#### [Task brief]
Take the material below and extract the lines from the one with "Cute crazy funny" through the one with "Through the unique", word for word, without pictures.

#### [Input data]
^^^^
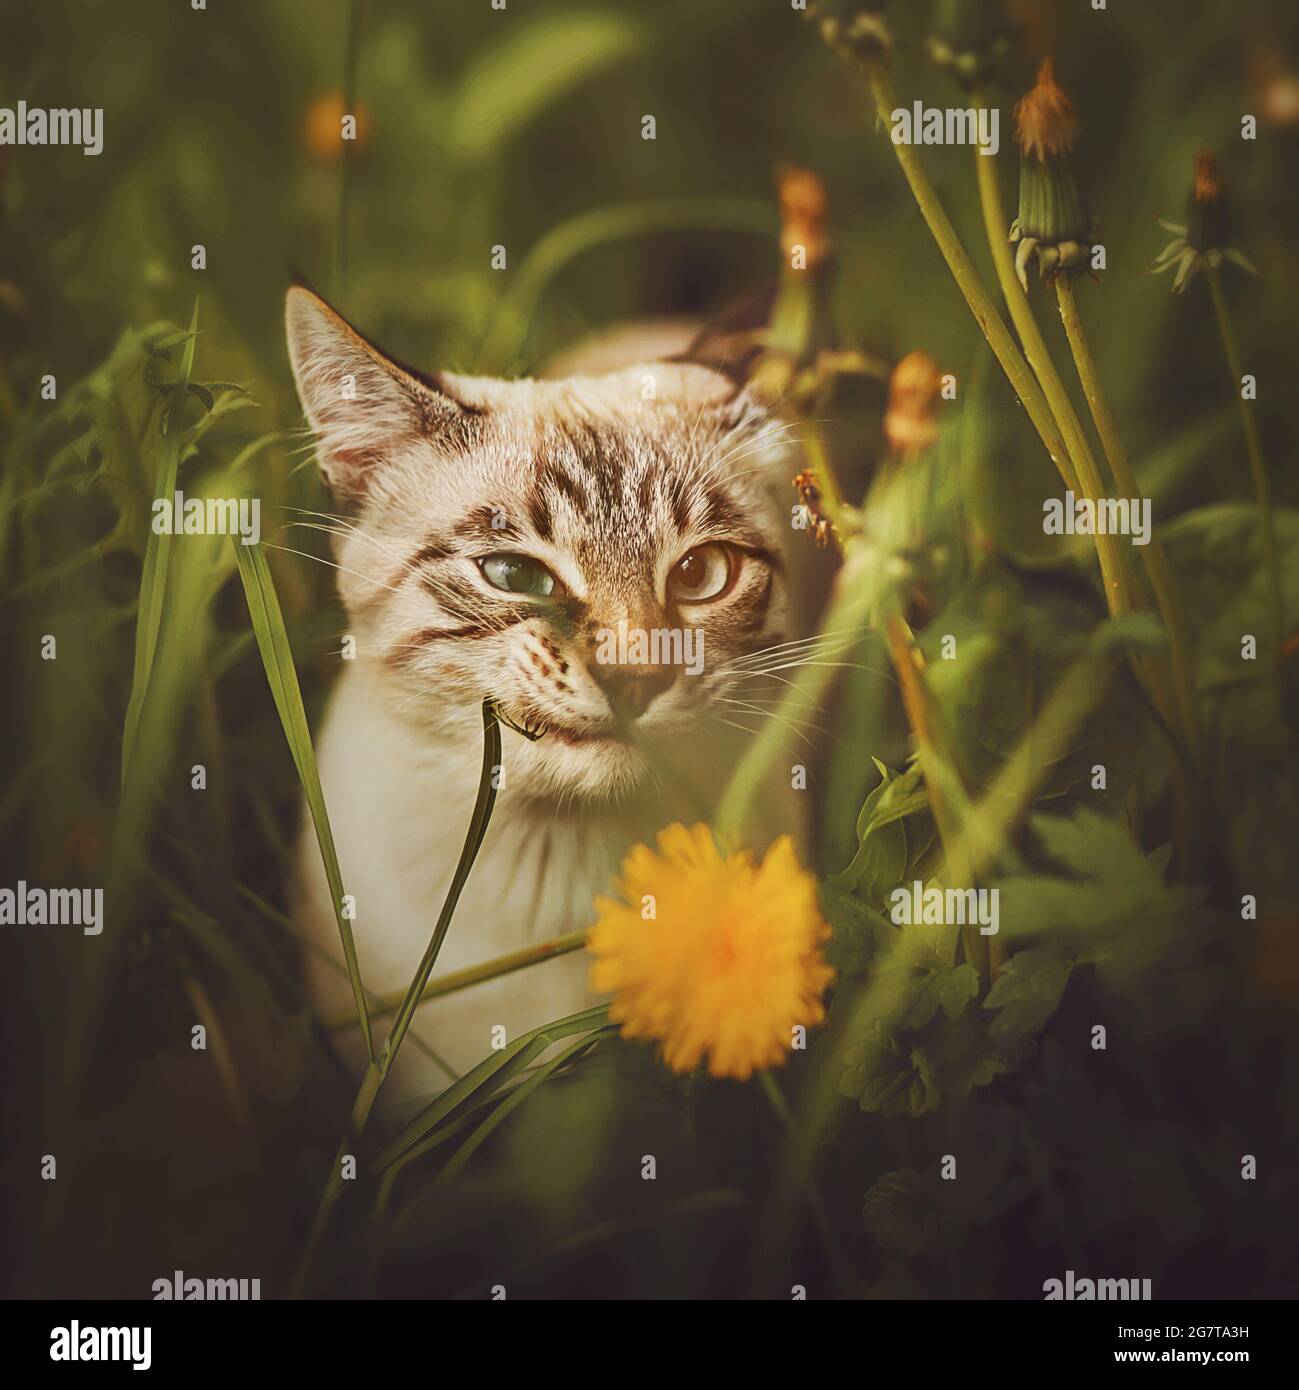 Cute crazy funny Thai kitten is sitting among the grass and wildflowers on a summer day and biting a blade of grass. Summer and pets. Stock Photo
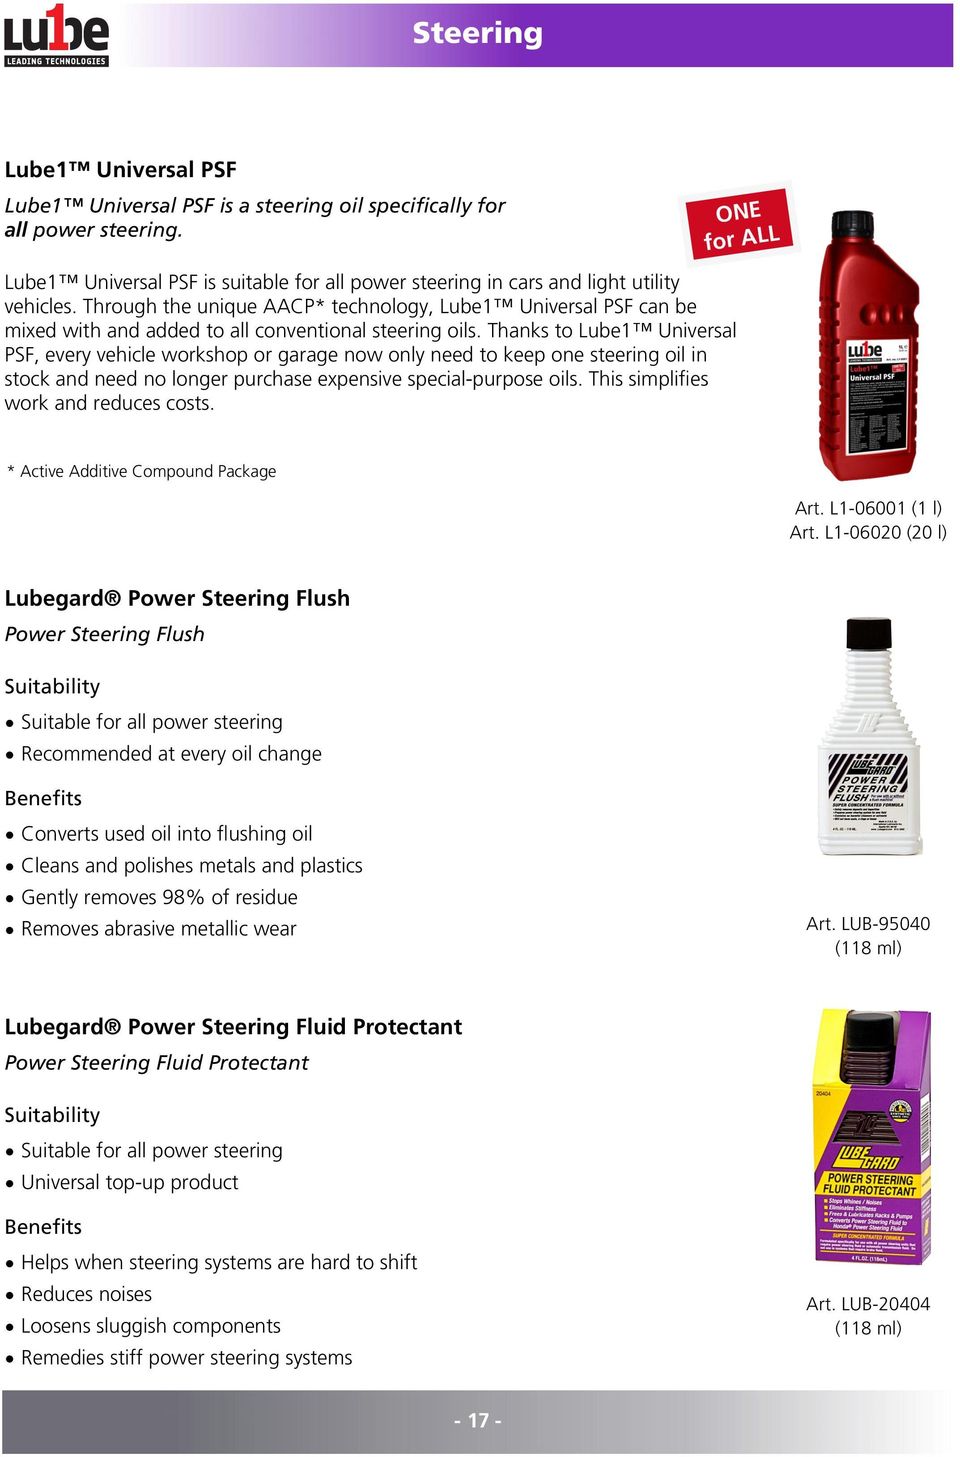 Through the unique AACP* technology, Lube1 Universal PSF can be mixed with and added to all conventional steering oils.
^^^^
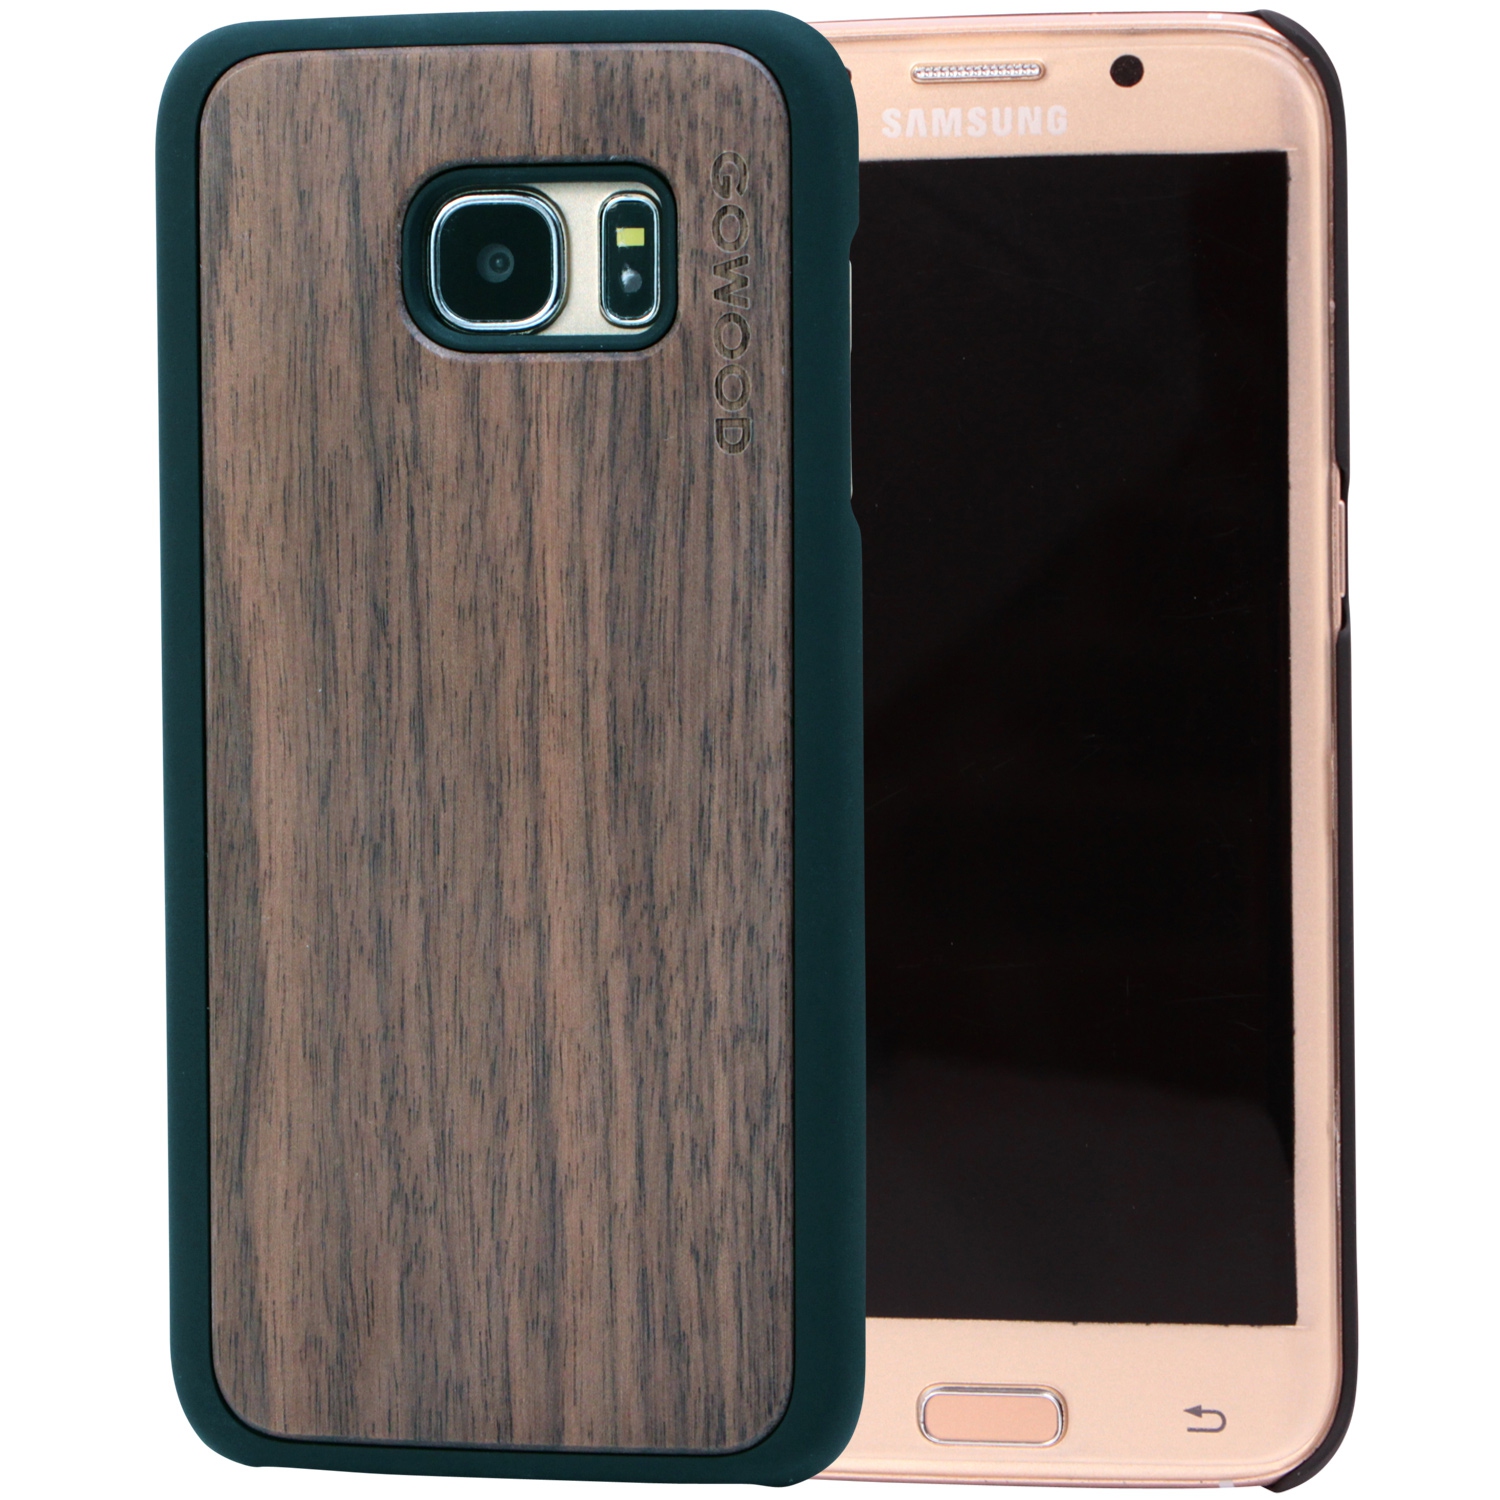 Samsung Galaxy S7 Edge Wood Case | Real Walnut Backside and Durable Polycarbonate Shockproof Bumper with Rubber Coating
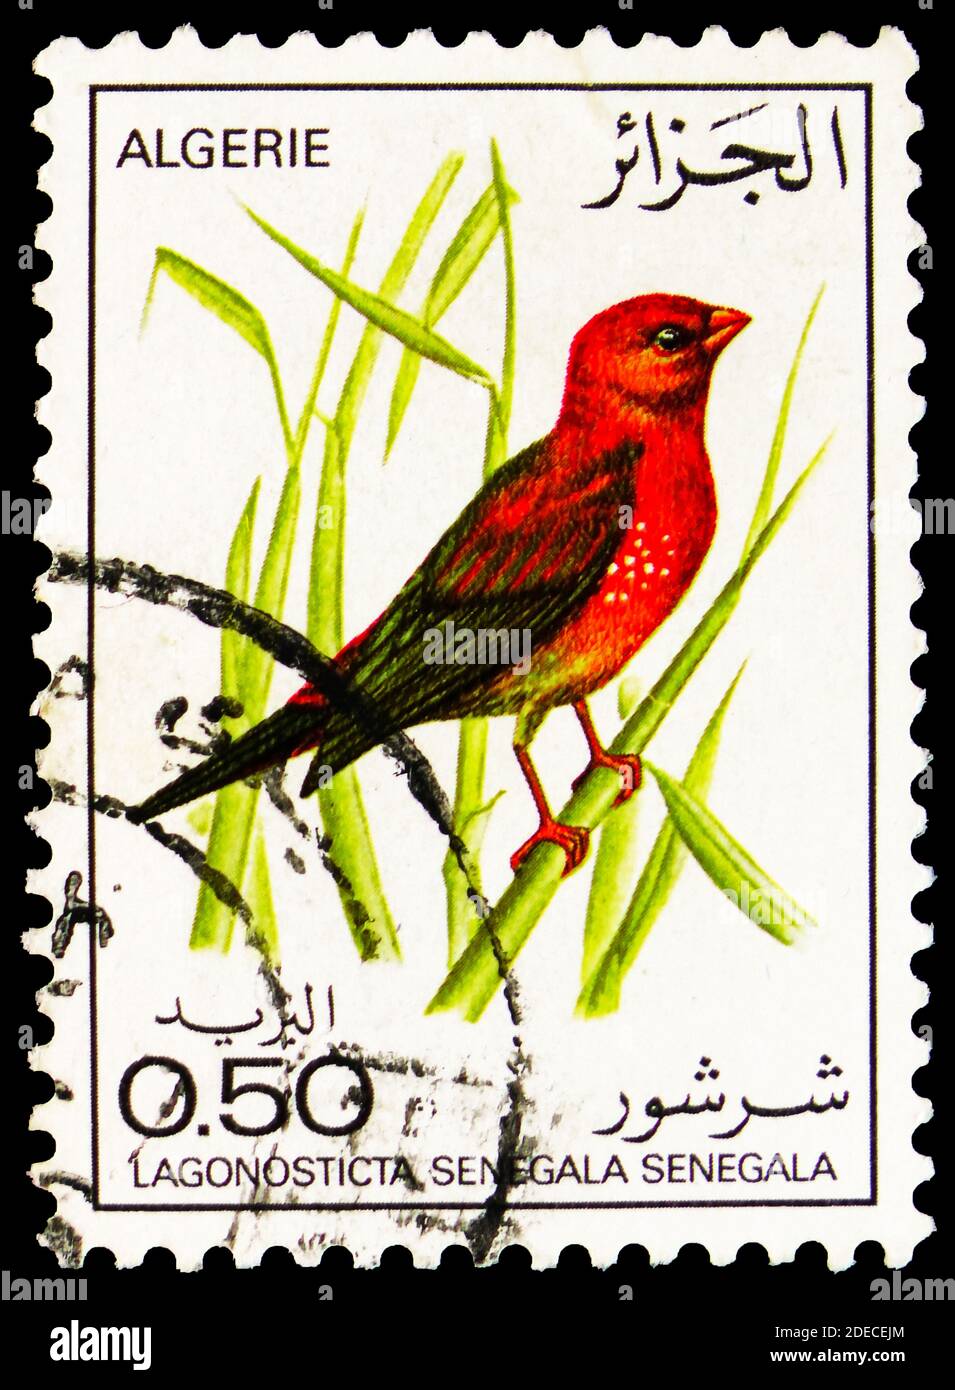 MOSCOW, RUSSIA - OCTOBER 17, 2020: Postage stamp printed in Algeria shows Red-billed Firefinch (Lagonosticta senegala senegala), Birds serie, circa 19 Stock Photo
^^^^
#### [Answer below]
 Cute crazy funny Thai kitten is sitting among the grass and wildflowers on a summer day and biting a blade of grass. Summer and pets. Stock Photo
 Through the unique AACP* technology, Lube1 Universal PSF can be mixed with and added to all conventional steering oils.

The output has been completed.